It still was a part of the argument and if you are to use it I should be able to too. It is very unfair if you are allowed to point out sexism when I am not.

Blah, we're repeating ourselves. Combat it. If unsuccessful, adapt to it, since it's not remotely a serious issue.



Music Dragon said:


> In any case, your counter-argument still isn't valid for reasons explained above; sexism is bad, but that doesn't make other things good. How sexism compares to the issue at hand is completely irrelevant. I could just as easily say that first-world sexism is a minor issue compared to human rights violations in Syria, but does that somehow make sexism acceptable?


No. This is entirely of a different magnitude. Is judging people based on post count causing any problems? Repeating myself again. Ugh.



Music Dragon said:


> Give me an example of something that has a meaningful purpose, then.


Look at my response which involves eating food.

And while "counting posts is for counting posts" is _true_, it makes a terrible argument because anyone with basic grasp of the English language can infer that.



Music Dragon said:


> Some people enjoy being able to count the number of posts they've made. That's good enough. What is it with you and _points_, anyway? What kind of higher purpose is it that you believe in? There is no _point_ in having fun or loving other people or being alive or posting on the internet, but we do it anyway because screw points, and screw vacuum cleaners.


Everything has a point. You just said that my best argument was about utilising things that aren't utilised properly. That was to make them have a point.

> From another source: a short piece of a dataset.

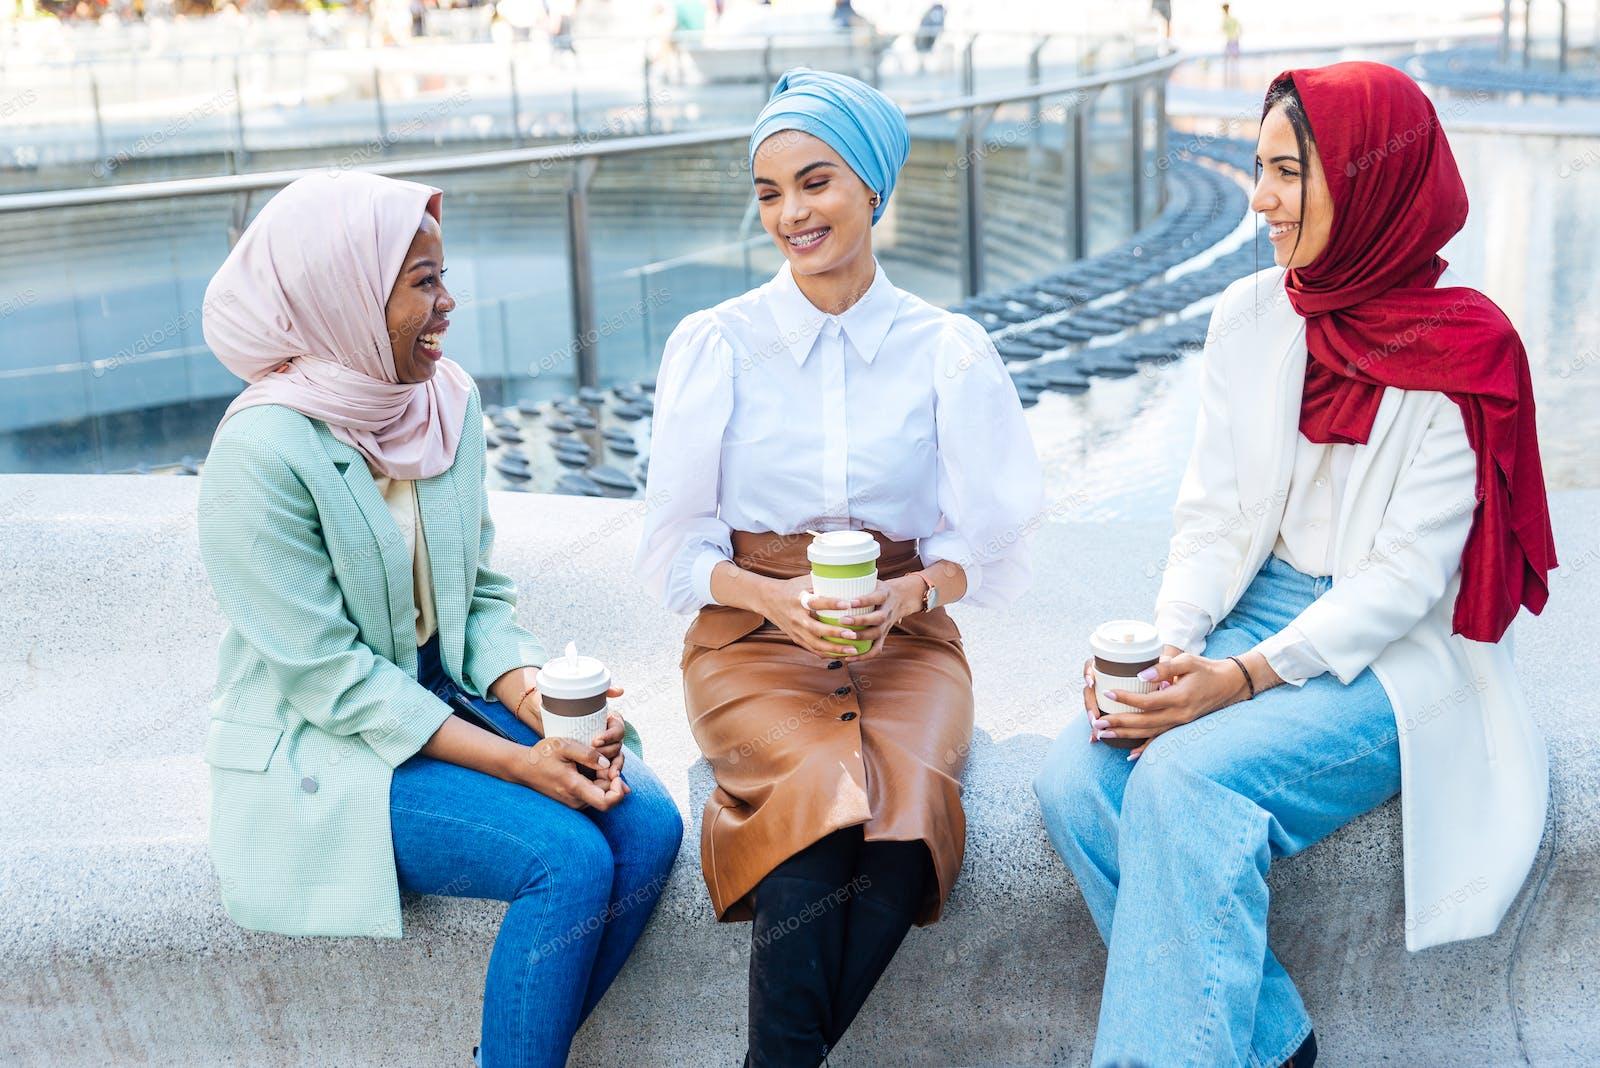 Girls hijab of pics wearing Young girls

What is with _you_ and your insistence on pointless things? I don't get why you want pointless things. What benefit do you get? Why have things when they don't have a point?



Music Dragon said:


> It's already there, some people enjoy it, and it causes no harm.


We could make it cause more good than it is currently.



Music Dragon said:


> What is the _purpose_ of logical arguments?


... This is just so frustrating because you think things that have no points should be kept, even if they have no points. And... why are you asking what is the purpose of logical arguments? Will you have a problem if I start presenting you with illogical arguments? Because I will do that exclusively to you from now on in this thread if you don't think logical arguments have a purpose.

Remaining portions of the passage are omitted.